如果我多次运行相同的测试,那么将数据放入VAR的结果会降低到我的机器上大约7-8个滴答,但导出到IEnumerable会降低到大约2-3。这是100万件物品。 因此,我对你所定义的内容感到有些困惑,因为#34;非常缓慢&#34;。除非我完全误解了某些东西。

编辑:我的VAR和IEnumerable的例子不如我原先想的那样有效,请参阅下面我的答案的评论。

答案 1 :(得分:0)

我可以考虑一些事情。

  • 首先从你要测试的preiacte开始。

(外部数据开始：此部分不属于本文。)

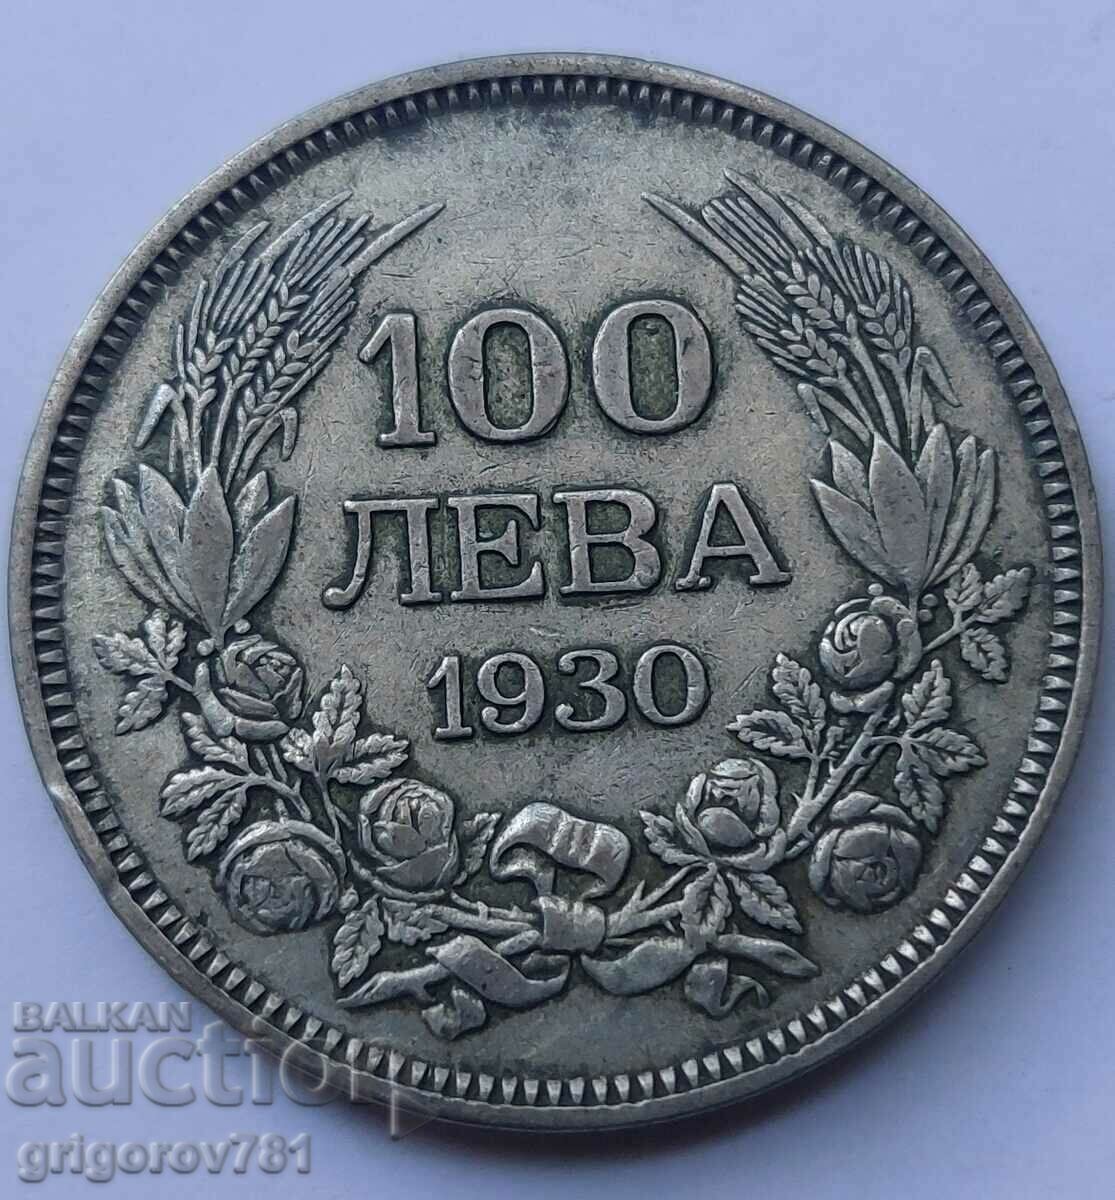 100 leva argint Bulgaria 1930 - monedă de argint #33
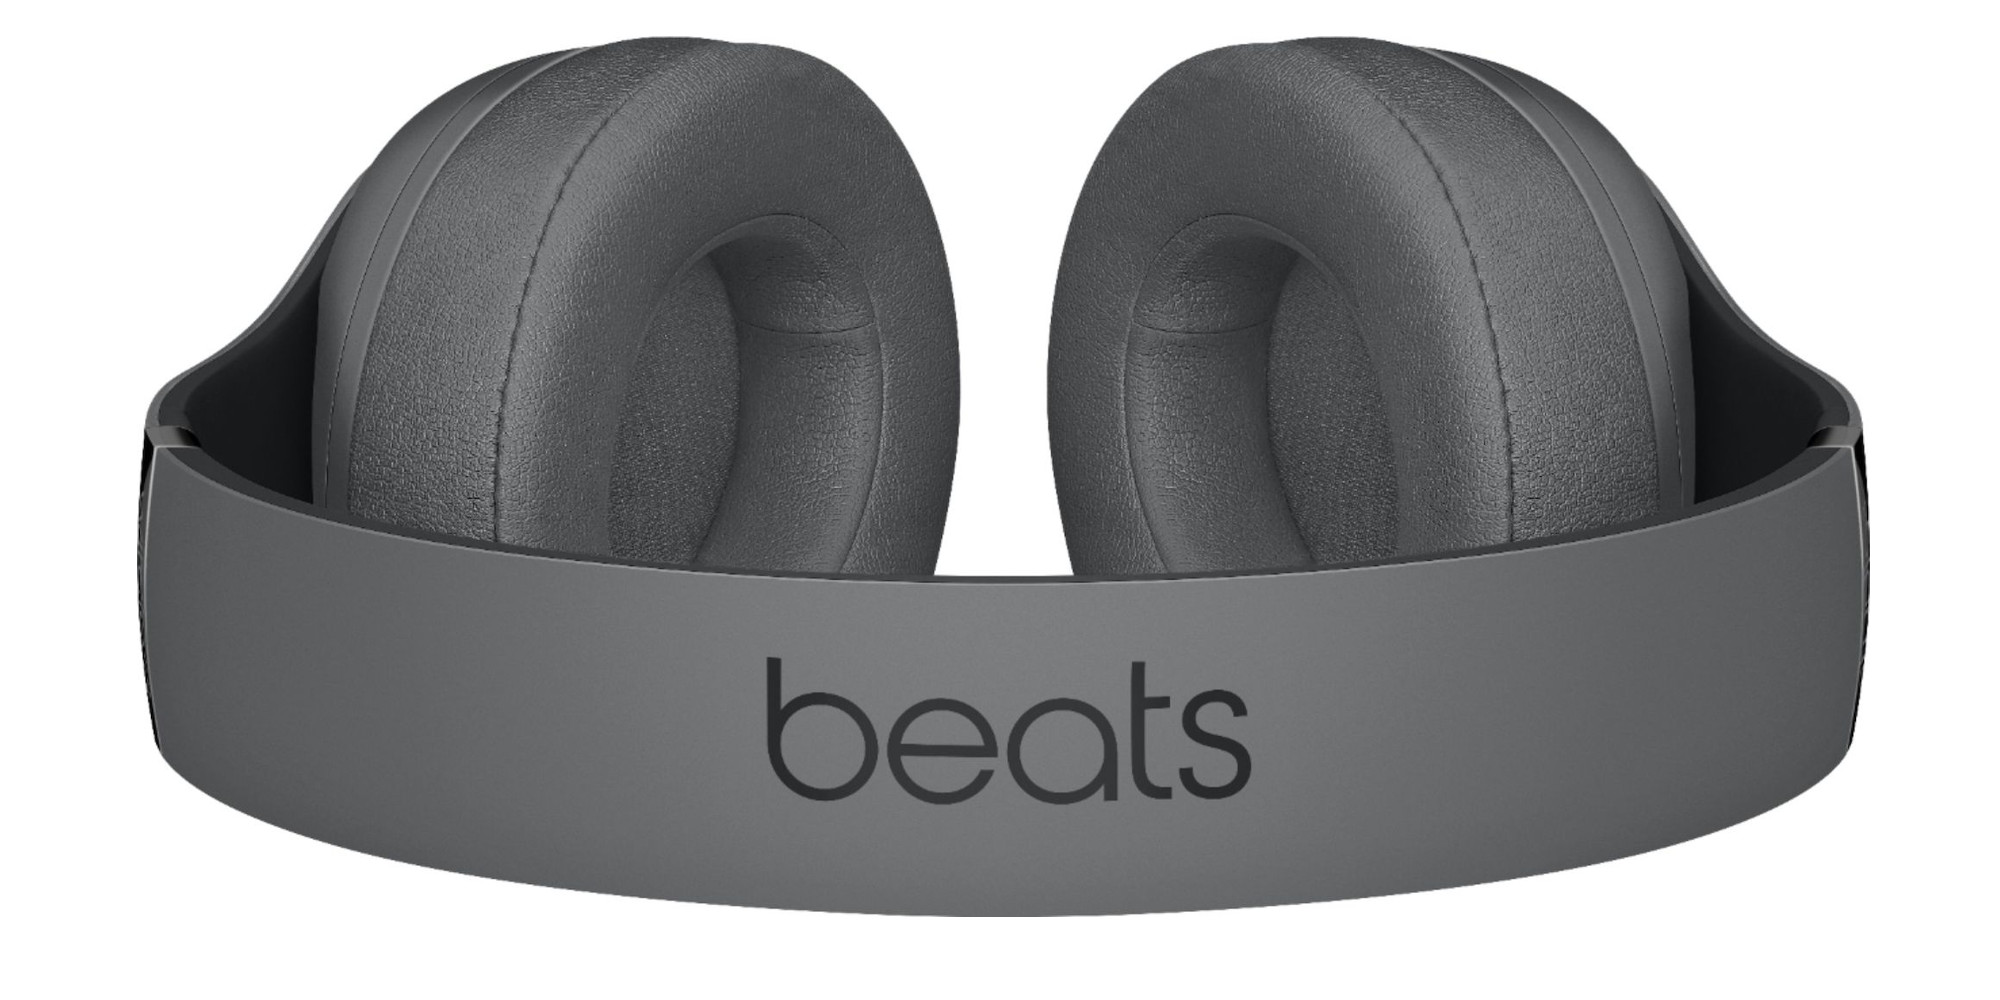 beats headphones $150

与ContainsStartsWith相比,EndsWith相当昂贵。因此,请使用性能最佳谓词。
  • 并行化过滤进程。 Hint Parallel Namespace
  • 将函数(哈希)应用于所有对象并将它们插入到Dictionary中。 (要启用O(1)访问时间)如果“密钥”确实出现多次,请向哈希添加一些其他属性(salt)。
  • 考虑使用数据库

此外,它在很大程度上取决于您的对象结构。该对象是否提供了我们可用于比较的任何其他信息?如果是的话:

  • 将数据集分块(取决于属性值)并以最高概率开始在组中搜索(并行)。 (启发式功能)
  • 使用更多“复杂”结构(如树)来最小化数据量

根据程序的行为,避免加载所有数据集。加载(基于启发式值)仅特定数量的数据集(例如10.000),如果未预设值,则使用置换策略来获取新数据。